## Work task
Begin the copy at the line containing "Etikett auf der" and end it at the final line of the material below, reproducing each line exactly, without images.

## Given material
· · · ·

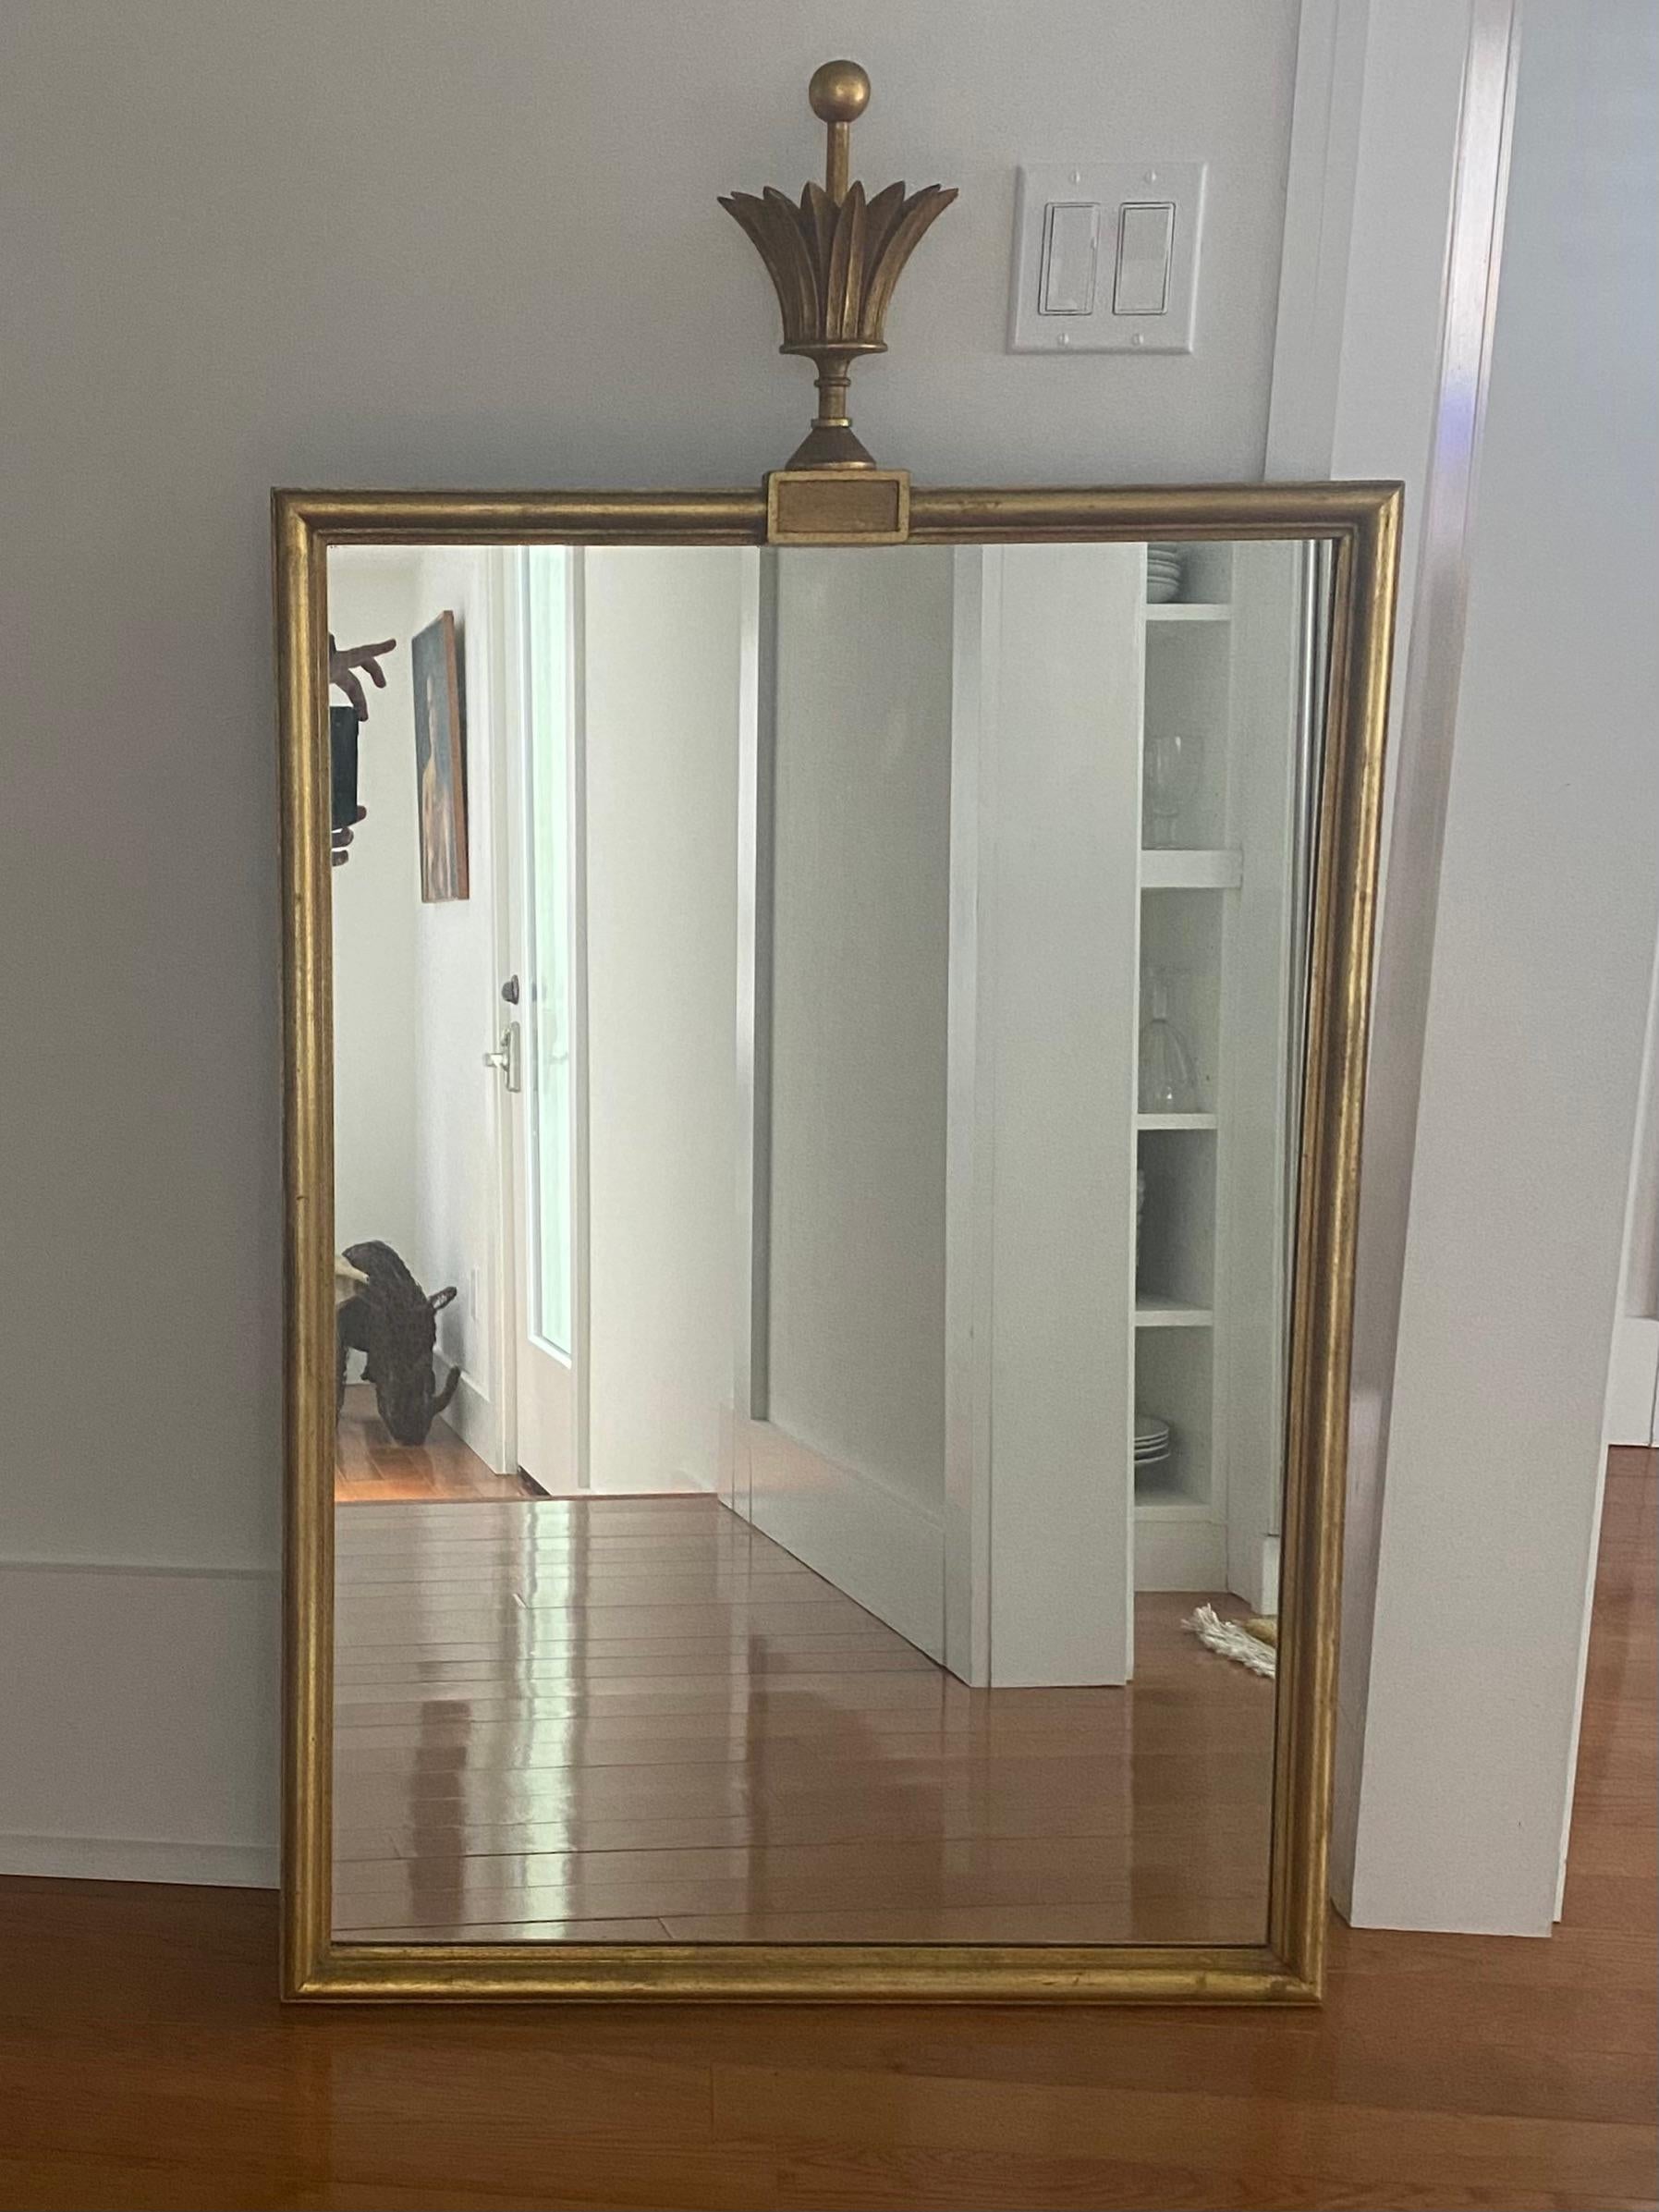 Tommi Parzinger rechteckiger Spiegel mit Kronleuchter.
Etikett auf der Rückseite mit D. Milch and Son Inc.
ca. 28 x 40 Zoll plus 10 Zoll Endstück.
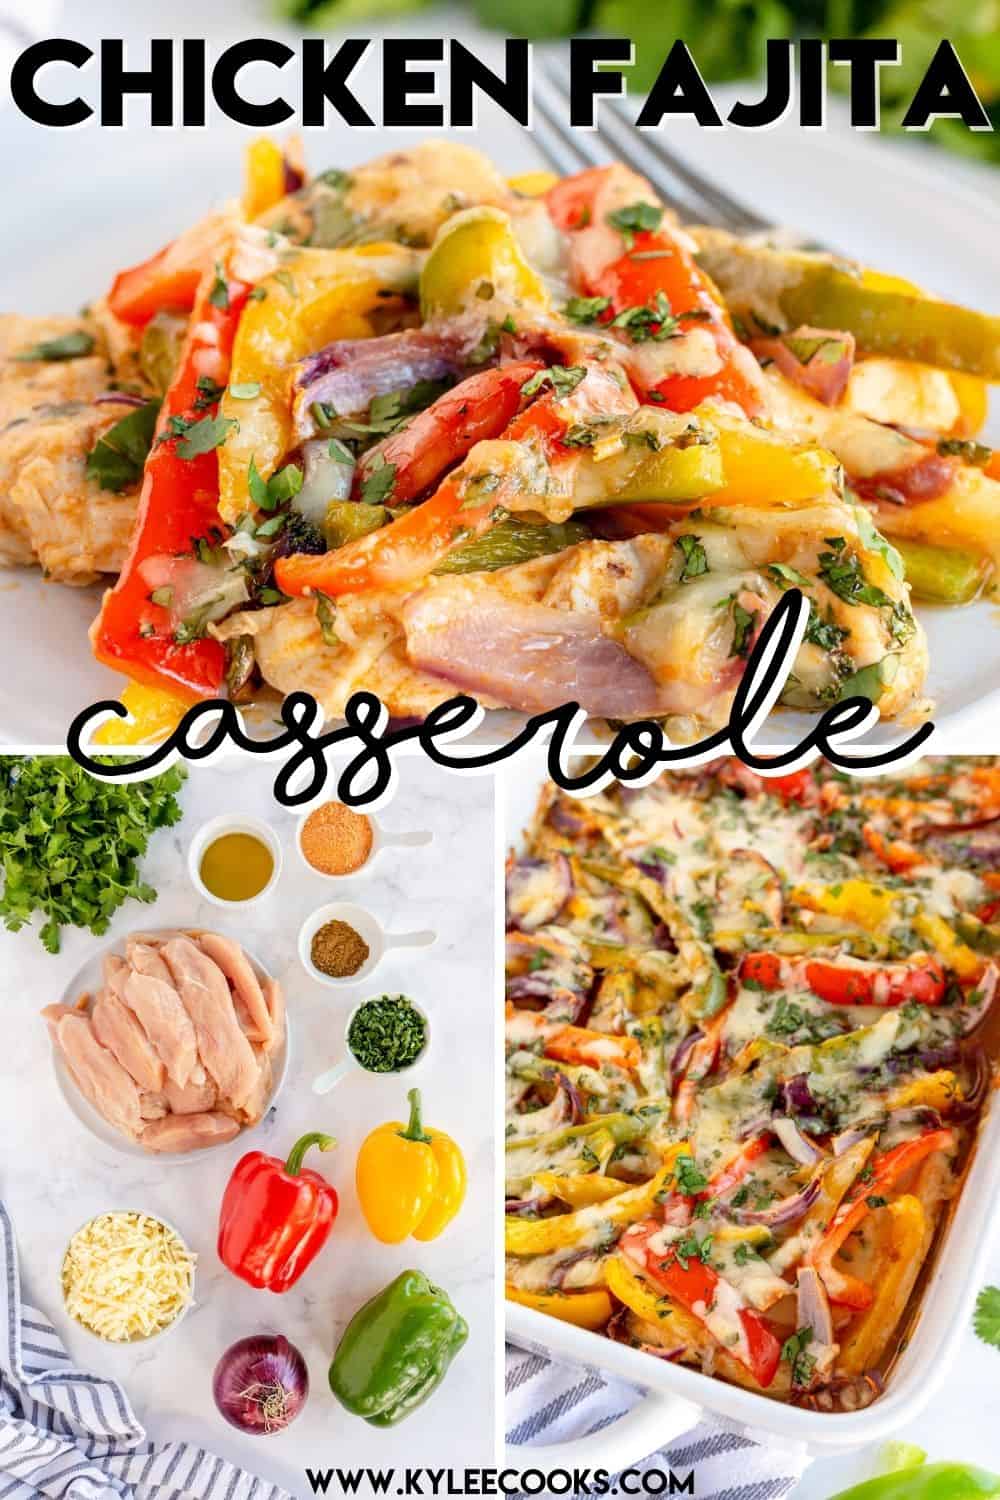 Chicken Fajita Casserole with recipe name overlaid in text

· · · ·

## Response to the task
Etikett auf der Rückseite mit D. Milch and Son Inc.
ca. 28 x 40 Zoll plus 10 Zoll Endstück.
 Chicken Fajita Casserole with recipe name overlaid in text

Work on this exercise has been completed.